Révélation entre camiothèque et train des Pignes
Marie-Diane Clarke
Crédit : Marylène Portaneri
Extrait du roman jeunesse en chantier Appel du Sud, de l’Ouest et de l’Orient
Un dimanche après-midi, en 1968, la petite Marie et sa mère se retrouvèrent dans le pré qui s’étendait derrière l’école, dans un village du sud de la France. Celle-ci montrait à sa fille la lettre de l’oncle Martin, dont l’adresse avait une résonance insolite. Marie retint des propos de sa mère que son oncle avait épousé une Québécoise avec qui il était parti dans l’ouest du Canada, pour s’installer sur une petite ferme.

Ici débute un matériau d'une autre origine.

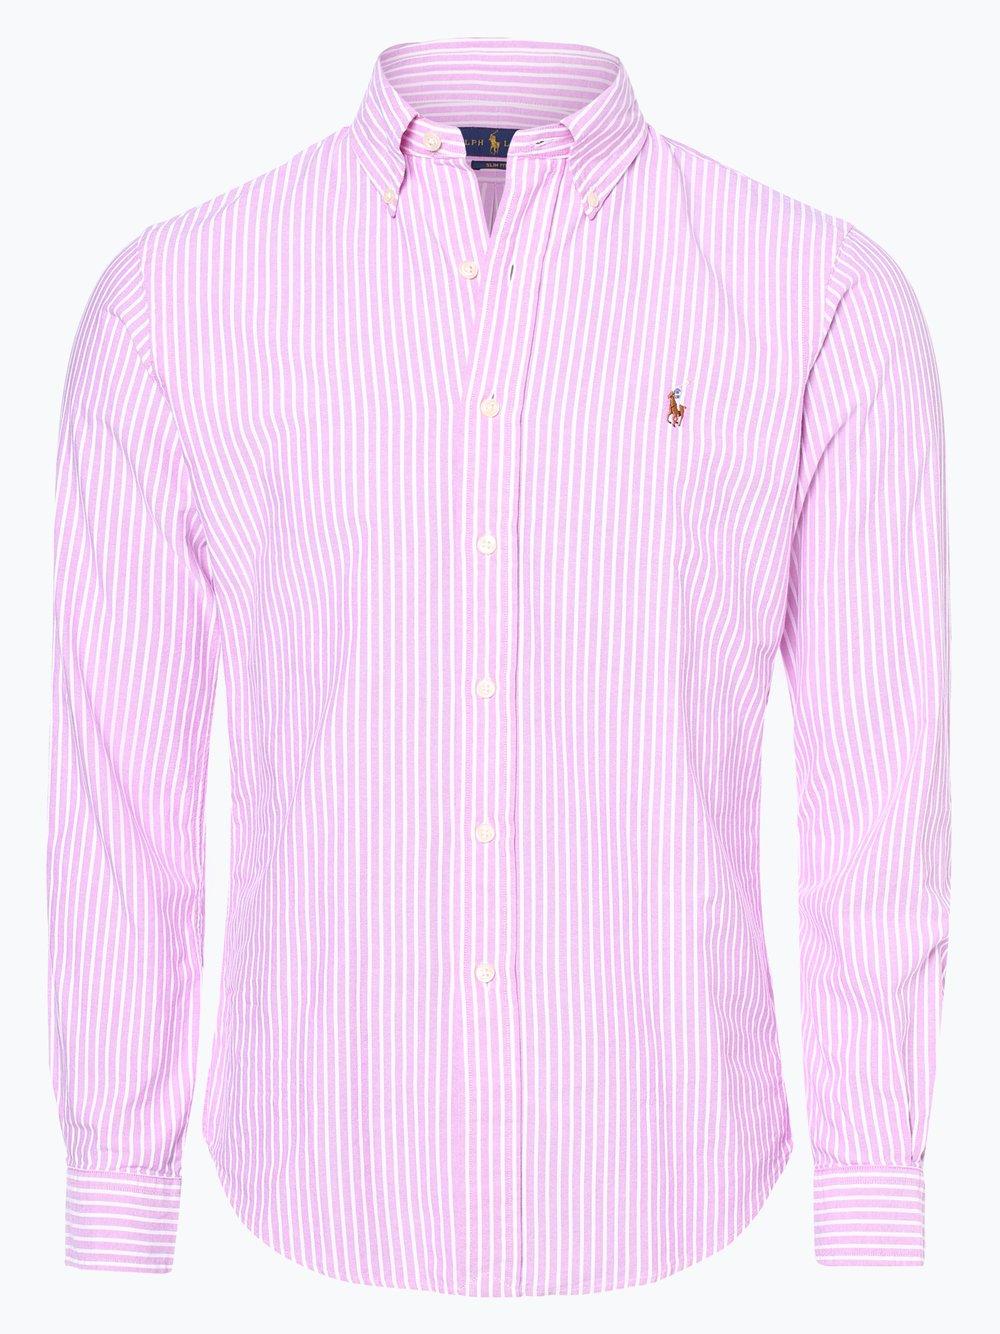 97c187a1044514 Polo Ralph Lauren Herren Hemd online kaufen

Dans le brouhaha produit par les cris des enfants, elle crut comprendre que la région s’appelait « Sasque Koine ». Ce nom paraissait venir d’une époque antique. Elle se demandait ce que ces mots pouvaient bien signifier. De retour à la maison, elle ouvrit un dictionnaire et trouva la signification du terme Koine : langue du monde grec, avec un accent grave Koinè si on voulait se dire érudit. Elle se sentit plutôt fière de sa découverte linguistique, mais décida d’aller en demander plus à Papi Jules.
De dix heures du matin à quatre heures de l’après-midi, la bibliothèque ambulante de Papi Jules était stationnée non loin du marché. Ce n’était pas une grande camiothèque, et pourtant elle abritait des centaines de romans. Papi Jules avait l’orgueil d’un coq quand il parlait de sa camiothèque qui devenait le mercredi et le samedi le centre du village pour les enfants et leurs mères.
Il racontait parfois aux petits touristes qui venaient regarder ses étagères improvisées qu’il avait un ami en Colombie qui transportait sa littérature ambulante sur le dos de deux ânes. Il concluait, le sourire aux lèvres, qu’il avait plus de chance que son ami colombien car il pouvait transporter jusqu’à mille ouvrages, sans courir le risque de subir les dégâts causés par les pluies torrentielles d’automne.
Un an plus tôt, Papi Jules eut l’idée ingénieuse d’inviter les enfants du village à créer un nom pour sa camiothèque. Mères, tantes et grands-mères accoururent avec leurs petits protégés, enthousiastes à la pensée que l’intelligence de leurs plus jeunes allait briller sur des affiches à la mairie, à l’église et au kiosque à journaux. Marie, ses frères et sa sœur participèrent aux débats animés par Papi Jules. Malgré les cris des enfants et les remontrances des adultes, celui-ci réussit à mener son groupe de volontaires vers une conclusion : « le Moulin à Tintin », tel serait dorénavant le nom qui apparaîtrait sur la portière de la camiothèque. Louis, le frère cadet de Marie, affirmait que les visiteurs se souviendraient mieux du nom « Moulin à Milou ». Mais celle-ci lui rappela qu’un chien, même le plus savant, qu’il soit Milou ou pas, ne saurait jamais lire. Louis avait fini par battre en retraite, mais garda son air renfrogné jusqu’à ce que son grand-père lui offre une glace à la pistache.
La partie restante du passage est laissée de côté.